I am writing an algorithm to count the number of times a substring repeats itself. The string is between 1-200 characters ranging from letters a-z. There should be no left overs at the end of the pattern either and it should be split into the smallest possible combination.

answer("abcabcabcabc"):output = 4
answer("abccbaabccba"): output = 2
answer("abcabcd"): output = 1

My code:

import re
def answer(s):
 length = len(s)
 x=[]
 reg = ""
 for i in range(1, length+1):
 if length % i == 0:
 x.append(i)
 repeat = len(x)*10
 for _ in range(0, repeat):
 a = length/max(x)
 print(length)
 print(max(x))
 print(a)
 for _ in range(0, a):
 reg = reg + "."
 exp = re.findall(reg, s)
 print exp
 if all(check==exp[0] for check in exp):
 print len(exp)
 return len(exp)
 elif all(check!=exp[0] for check in exp):
 x.remove(max(x))

This is Python 2.7 code and I don't have to use regex. It just seemed like the easiest way.

Is there a better/faster/more optimal way to do this?

NOTE: it breaks if the string size is too big.

EDIT: Fixed indentation

Question 2

You list this as a programming-challenge, could you please state the site of this programming challenge?

Question 3

It's a level 1 foobar question.
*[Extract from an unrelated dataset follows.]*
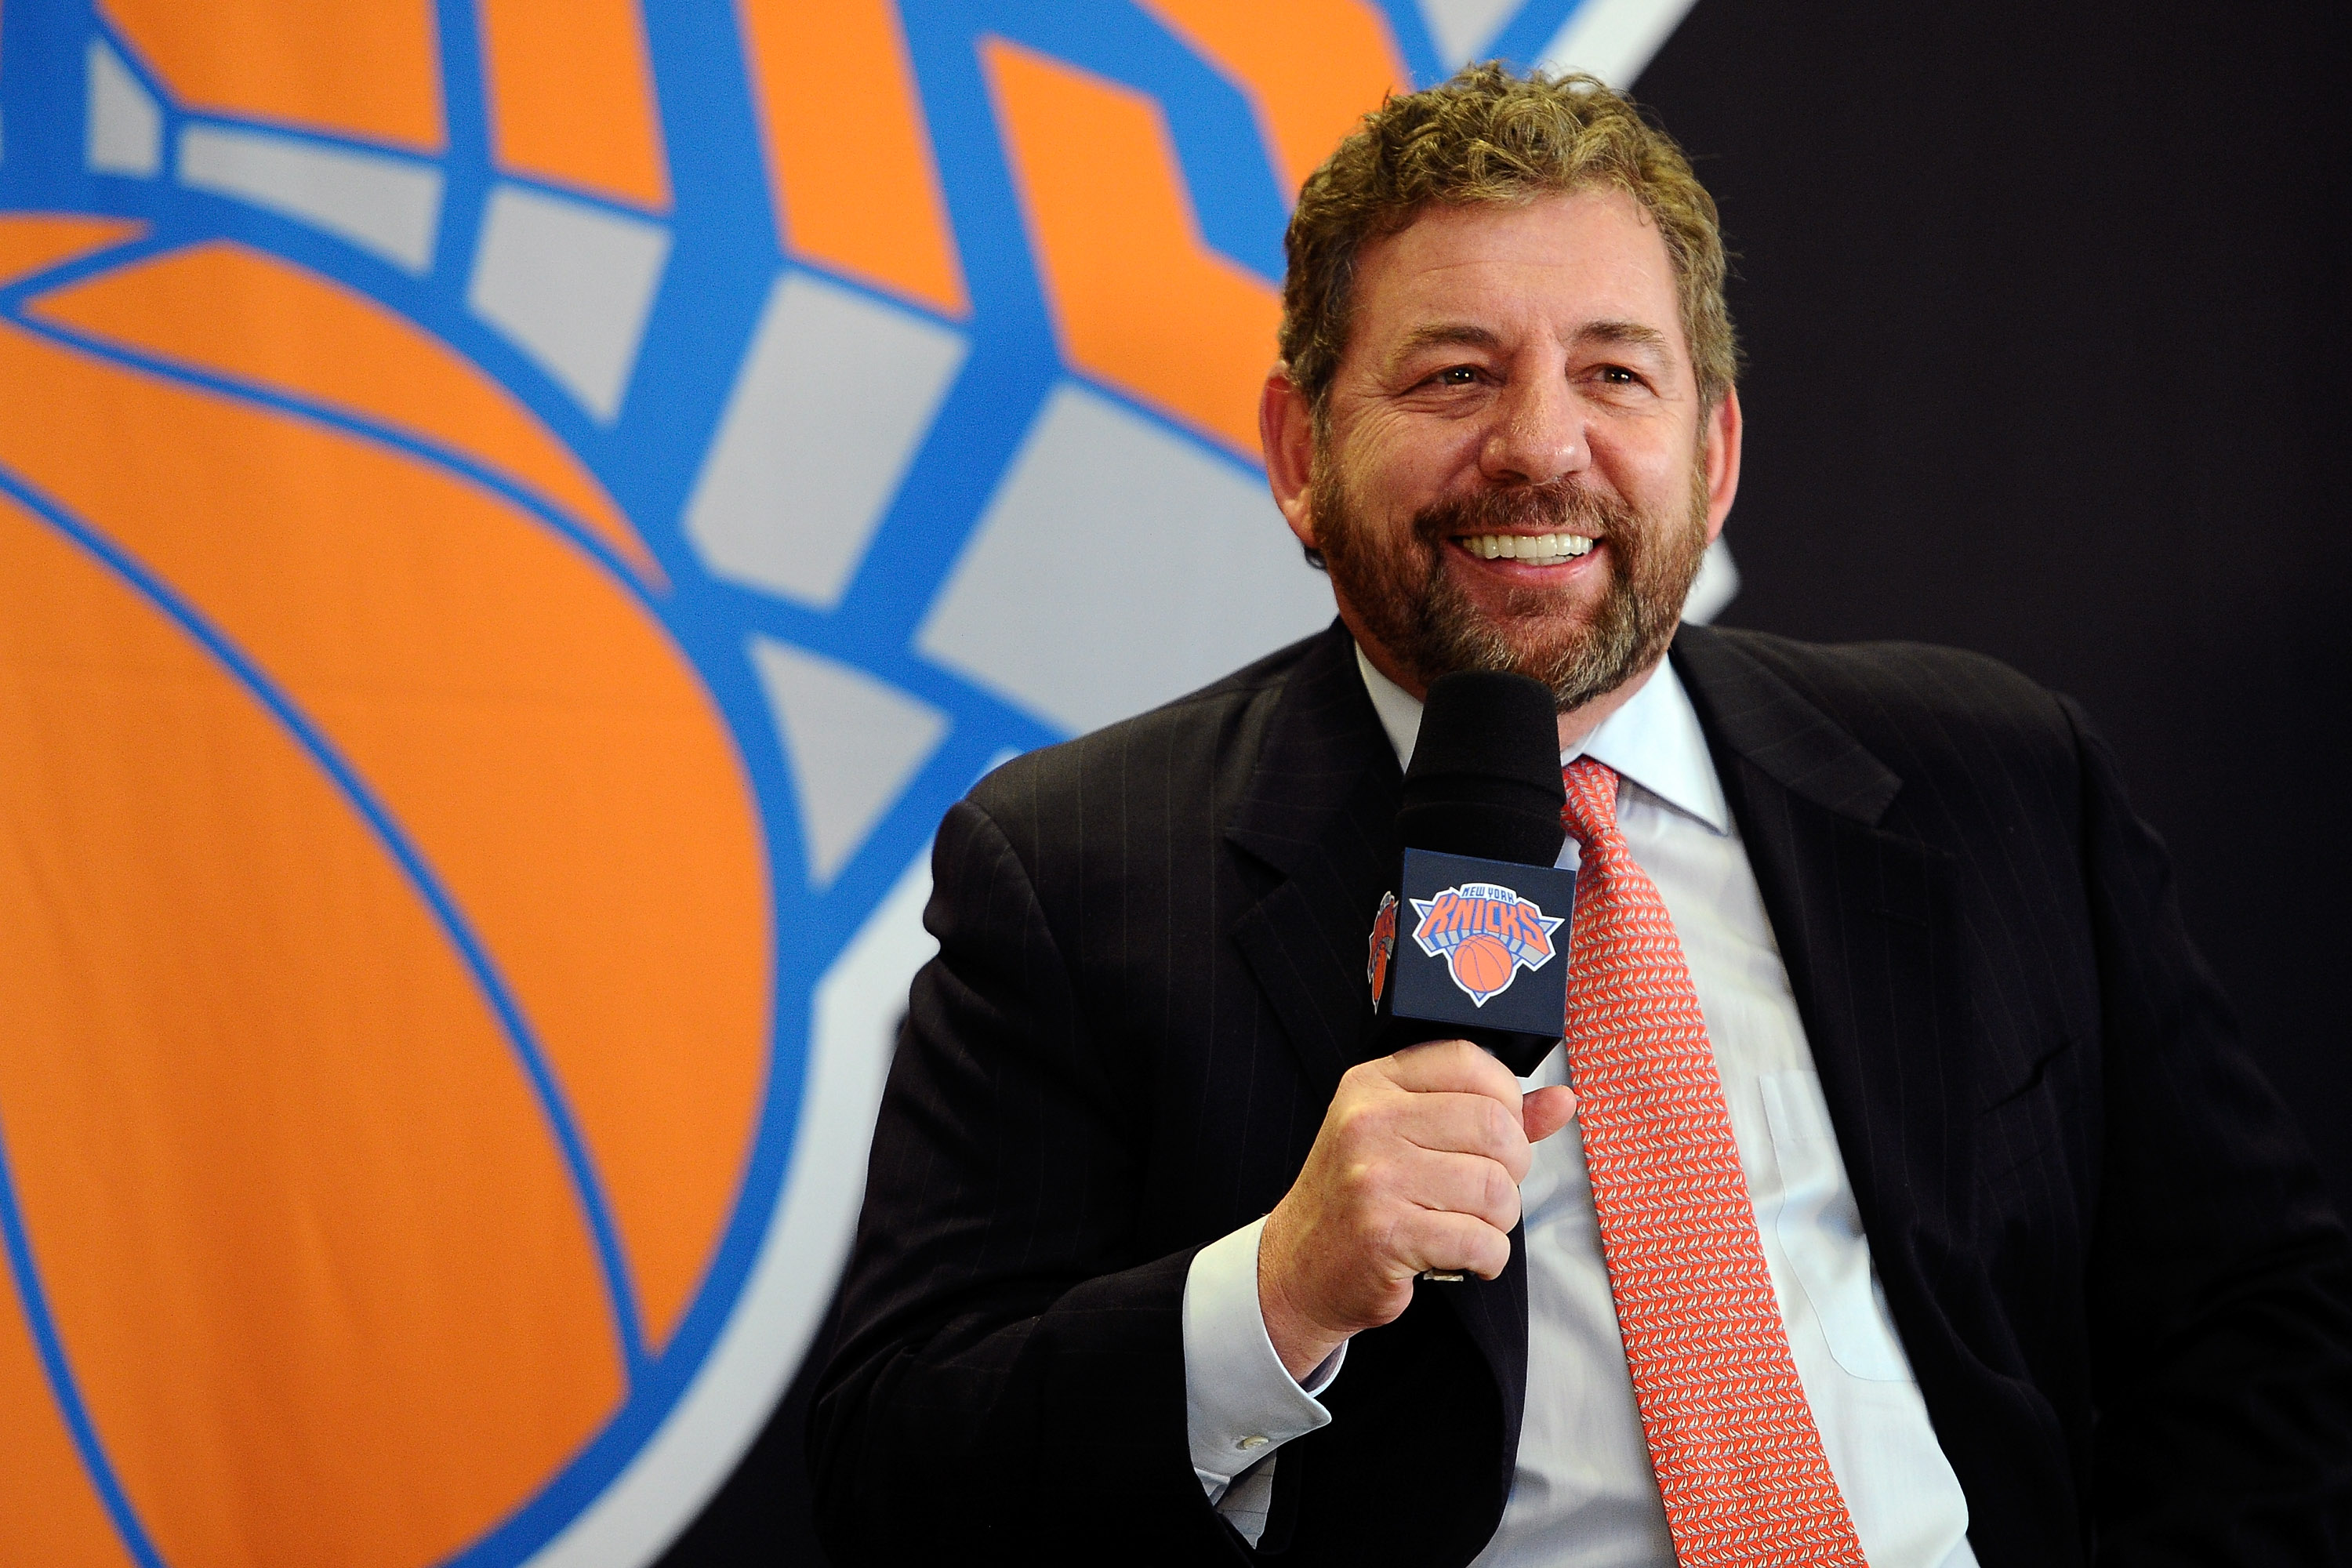 Analysis: To contend with top teams, Knicks must do more - Newsday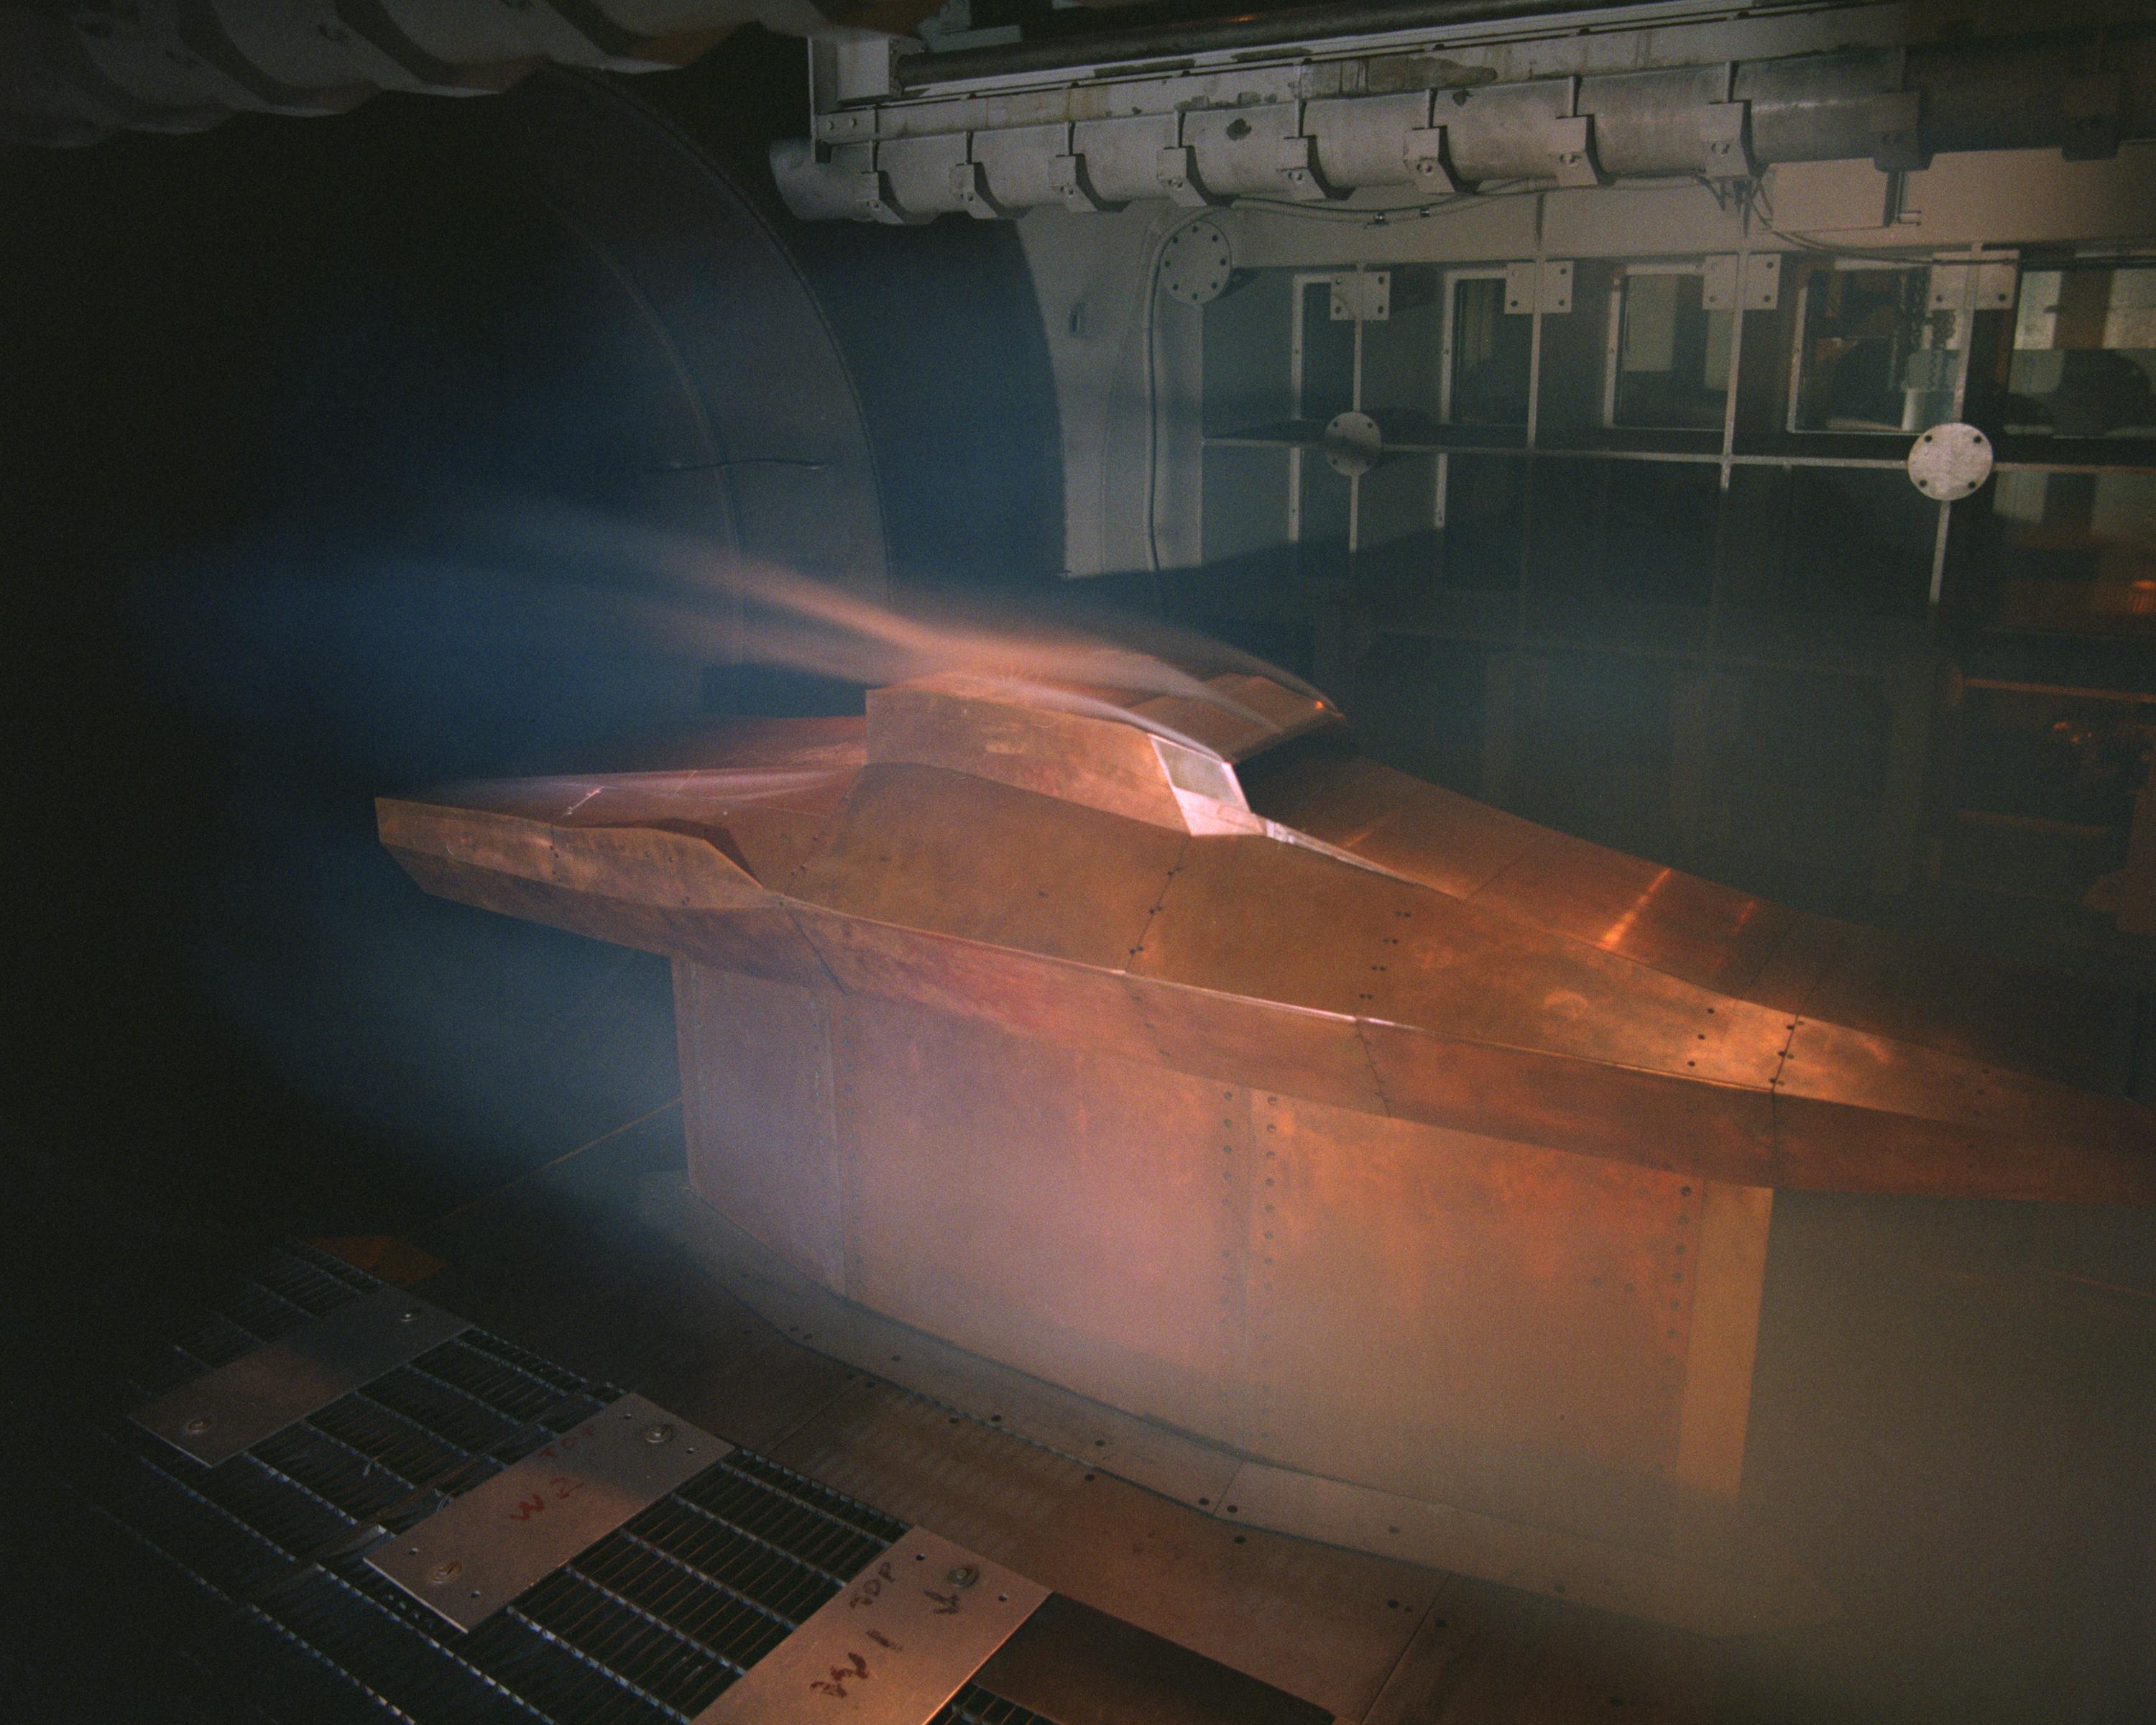 A scale model of a hypersonic flight vehicle lays upside down in a wind tunnel facility.

I passed the test, I'm just curious if there is a better way.

Question 4

Indentation seems off. Please double check.

Question 5

@vnp where? It works for me

Question 6

@JakeSteele for i in range(1, length+1): is indented just as the next line if length % i == 0:.

Question 7

I see that there already is an accepted answer, before I got around to writing this answer. That is a little discouraging for me as a reviewer, but I've written a code alternative and have some thoughts regarding your code.

Code review

Document your code – To guess what your code is doing by simply reading it is not very easy. It could very well have a few comments on what it tries to achieve.
Better variable names – In general try to use variable names describing the content. Names like x, a, exp (which I would read as expression?), and so on, are not very informative.
Regex are generally expensive – In general regex, whilst being a fantastic too, are somewhat overused. Do note that it takes time to build the patterns and match the patterns, especially compared to simple string matches.

Some new(?) constructs

I'm not sure if you know these already, but there are a few new constructs I would like to show you:

String repeat – Strings can be multiplied (aka duplicated) using the multiplication operator.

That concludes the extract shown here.